Only a local government could have given this idea wings, he added. "Nobody else spends their days in the mundane world of land-secured financing districts."
New England offers another example of a regional program shaping national policy.
In 2009 ten states agreed to cap their emissions and created the nation's first greenhouse-gas-emissions trading program. It auctioned allowances, created a carbon market and to date has sent $582 million into the coffers of participating states.
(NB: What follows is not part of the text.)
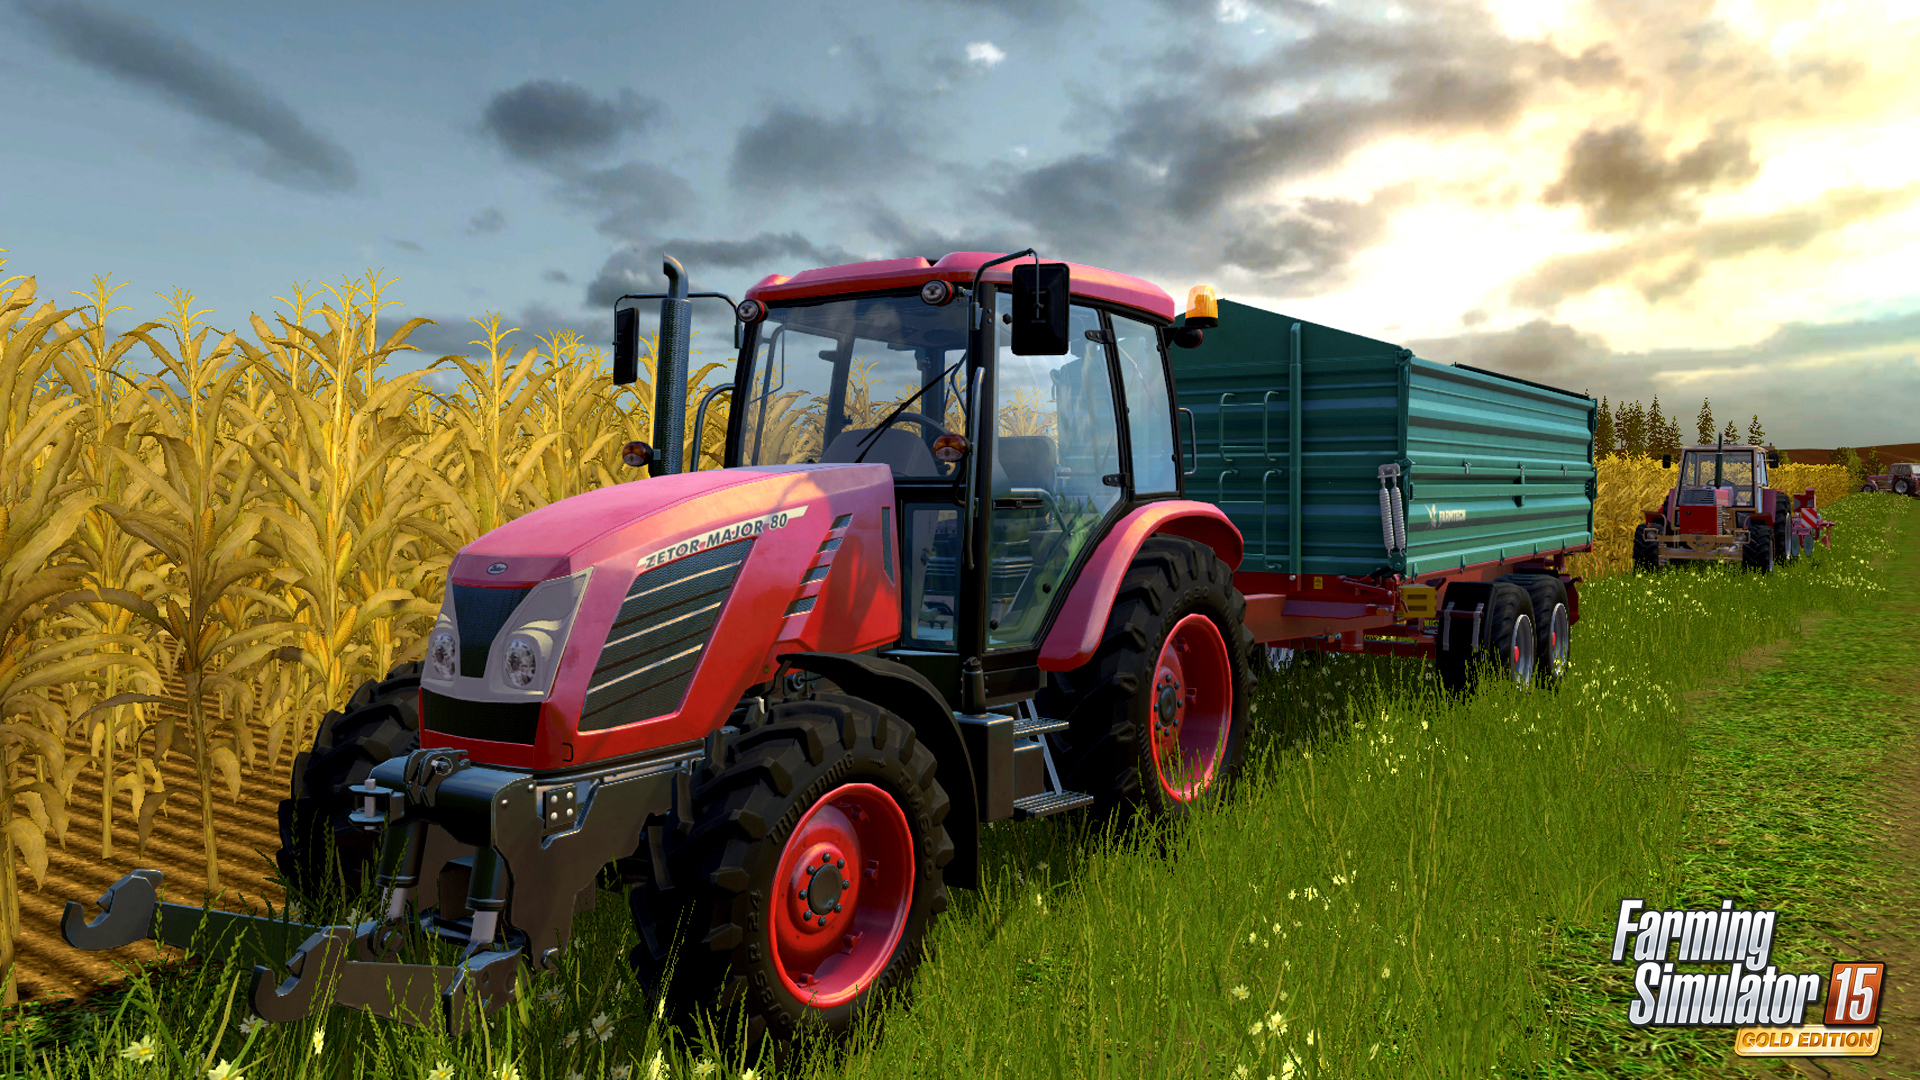 Farming Simulator 15 has been out for a little while already, but the

But before this started, the only example of a carbon cap-and-trade program was Europe's, which had seen wild price swings and windfall profits for utilities. The stability of the Regional Greenhouse Gas Initiative, as New England's cap-and-trade program is known, silenced those critics and placed it in the foreground of the national discussion on how to run these policies," said Tom Tietenberg, emeritus professor of economics at Colby College in Maine.
"It's been one of the primary reasons auctions are now prominently part of the (climate) bill." Politicians, he added, have no problem spotting RGGI's revenue. "It reduces the negative impact of a carbon bill."
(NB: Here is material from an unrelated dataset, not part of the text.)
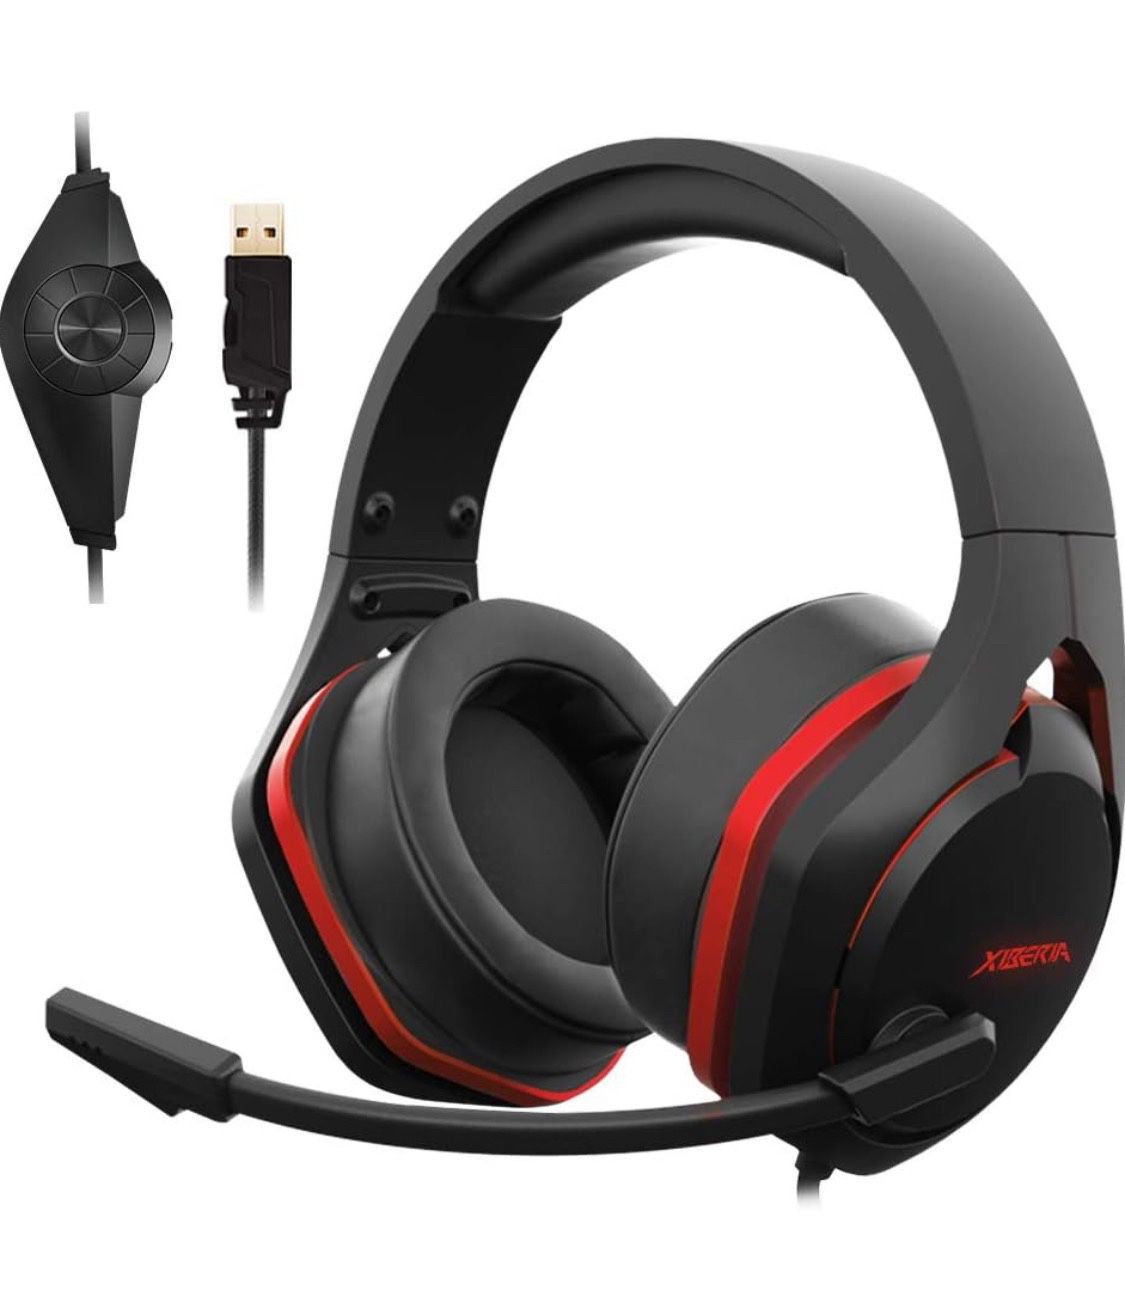 Gaming Headset for PC / Strong Bass Virtual 7.1 Sound / USB Headphones with Noise Cancelling Microphone RGB Lights Plug & Play for Laptops Computers

Of course, there are tensions: RGGI has strong regional support in part because it funnels cash back to state coffers. While some states have siphoned that revenue to patch deficits, others – such as Maine – have used it to make significant gains in energy efficiency, far outpacing federal efforts.
But the Senate climate bill as drafted voids regional emissions schemes like RGGI and state efforts like California's. That has raised hackles from local leaders who want to retain control over their own programs and revenue.